Lowering Diastolic Pressure Without Medication
At this level, lifestyle changes are the first line of defense, not medication. The goal is to nudge that bottom number below 80 and keep it there. Several changes are well supported by evidence.
The DASH eating plan, developed specifically to lower blood pressure, emphasizes fruits, vegetables, whole grains, lean protein, and low-fat dairy while cutting back on saturated fat and added sugars. Its key targets include getting 4,700 mg of potassium daily (from foods like bananas, sweet potatoes, and spinach, not supplements), limiting sodium to 2,300 mg or less per day, and aiming for 30 grams of fiber. Research found that dropping sodium further to 1,500 mg per day produced even better blood pressure results.

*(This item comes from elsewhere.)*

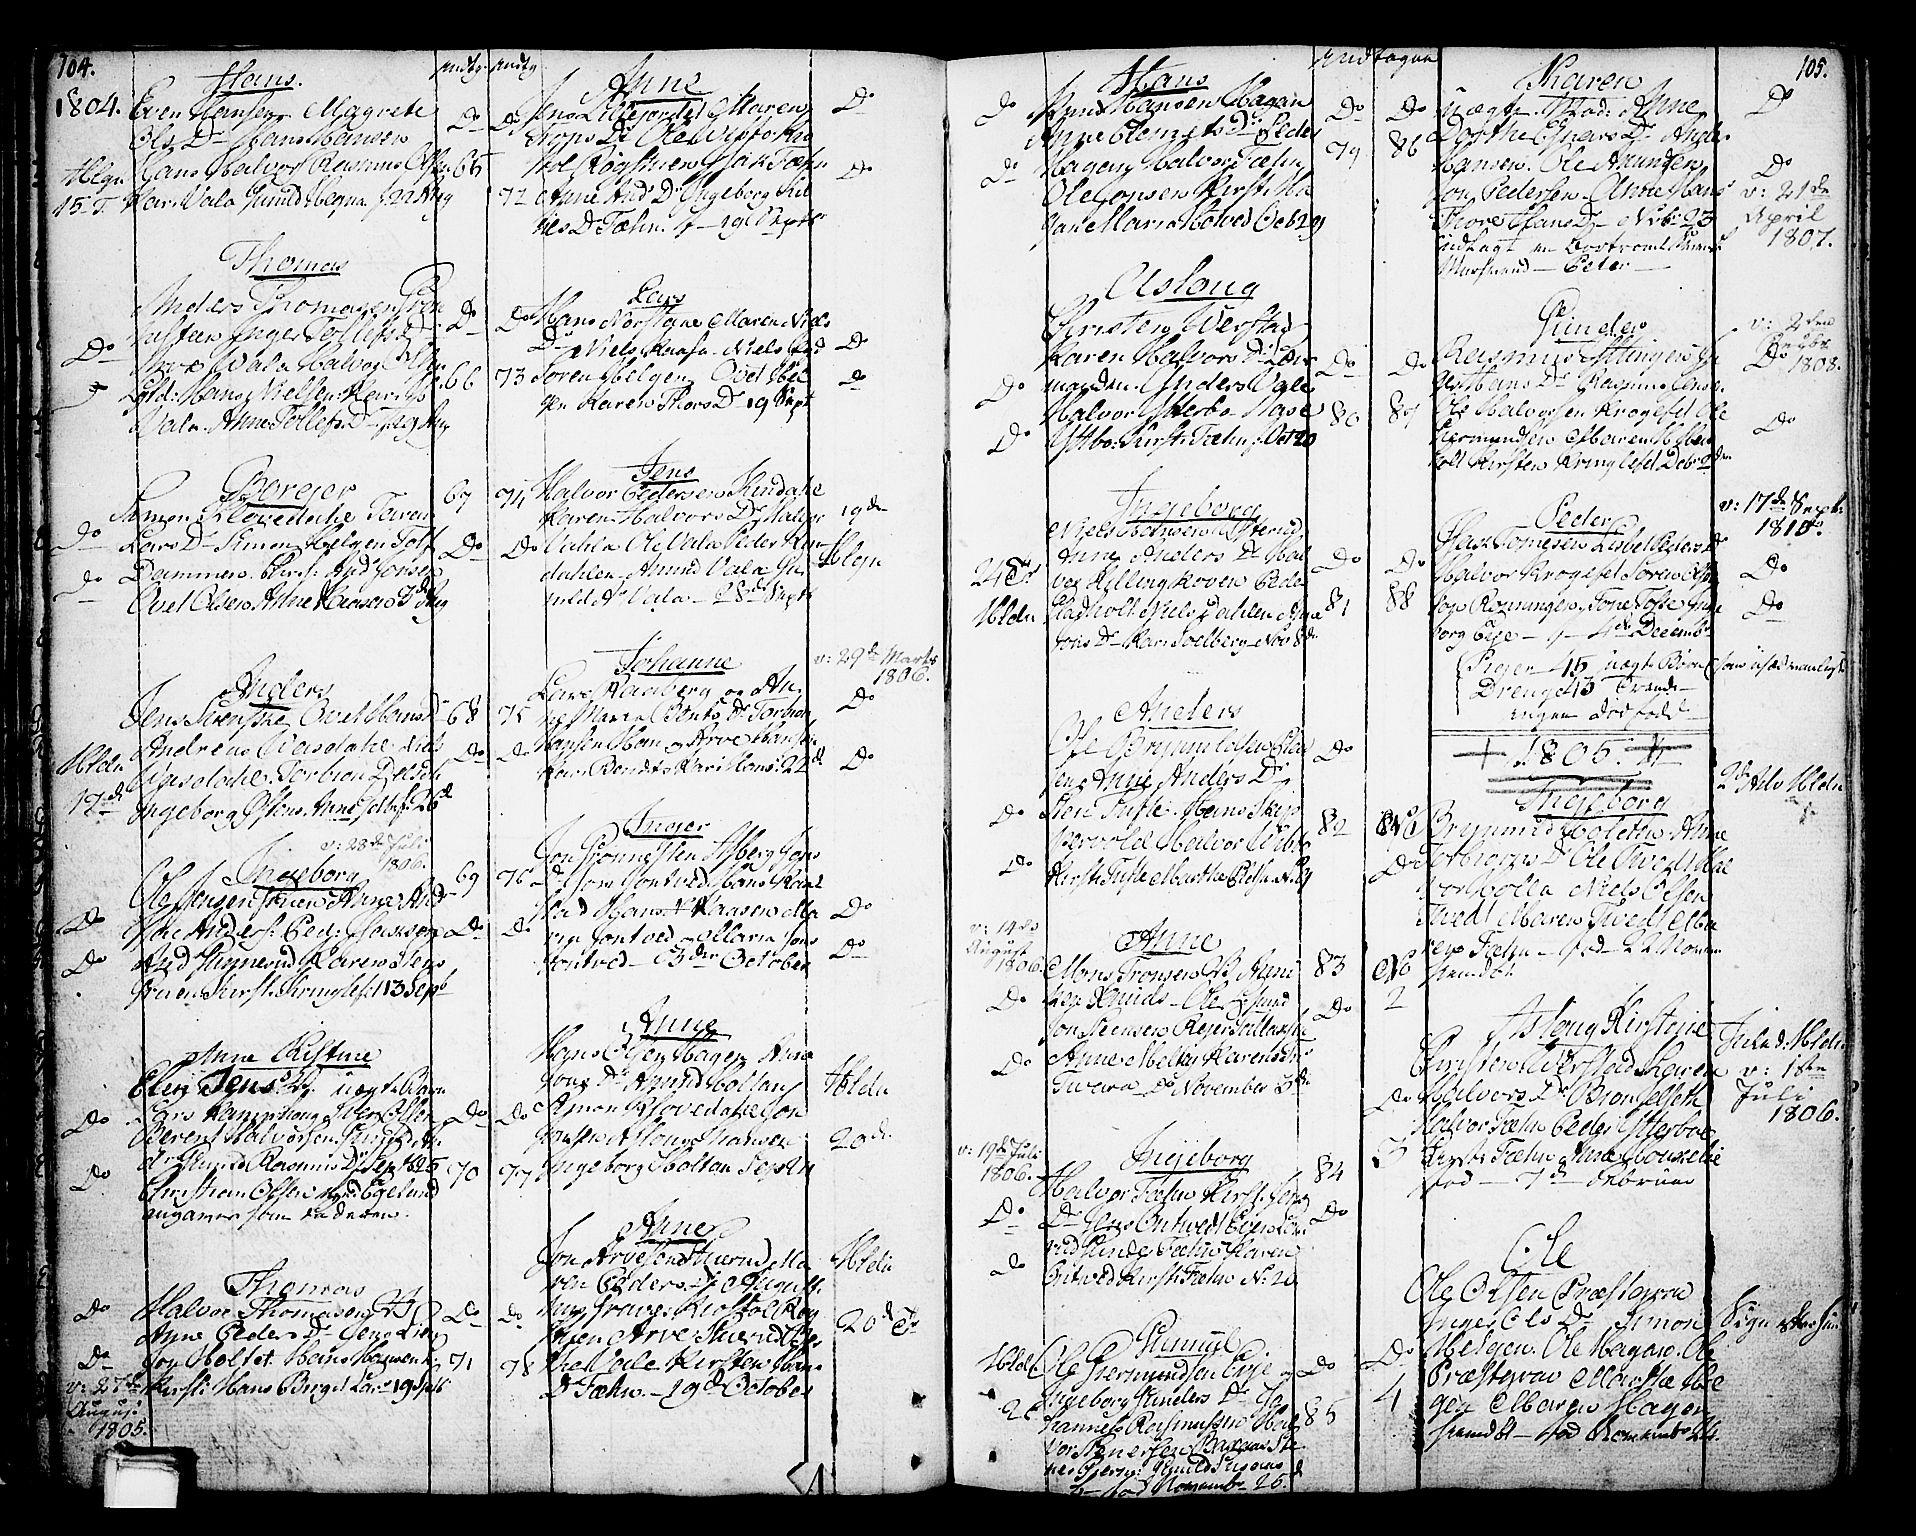 SAKO, Holla kirkebøker, F/Fa/L0002: Ministerialbok nr. 2, 1779-1814, s. 104-105

Some practical ways to reduce sodium: choose low-sodium versions of canned and packaged foods, rinse canned beans and tuna before eating, season with herbs, spices, lemon, or vinegar instead of salt, and look for products with less than 5% of the Daily Value for sodium on the label. Anything at 20% or higher is considered a high-sodium food.
Beyond diet, 30 minutes of moderate physical activity on most days makes a measurable difference. Walking, cycling, swimming, or any activity that gets your heart rate up counts. Moderating alcohol intake matters too: up to one drink a day for women, up to two for men. Maintaining a healthy weight amplifies the effect of all these changes.
What About Pregnancy?
If you’re pregnant and wondering about this reading, the thresholds are slightly different. Gestational hypertension is diagnosed at 140/90 or higher, not 130/80. A reading of 111/80 during pregnancy is not classified as gestational hypertension and would not, on its own, raise concern for preeclampsia. That said, blood pressure tends to rise in the third trimester, so a baseline sitting right at 80 diastolic is worth tracking as the pregnancy progresses.
The Bottom Line on 111/80
A reading of 111/80 is not dangerous, but it’s not technically “normal” either. It falls into the mildest tier of Stage 1 hypertension because of that diastolic number. The practical takeaway: confirm the reading with repeated measurements over time, and if it holds, treat it as a signal to tighten up diet, exercise, and sodium habits before the numbers climb any higher.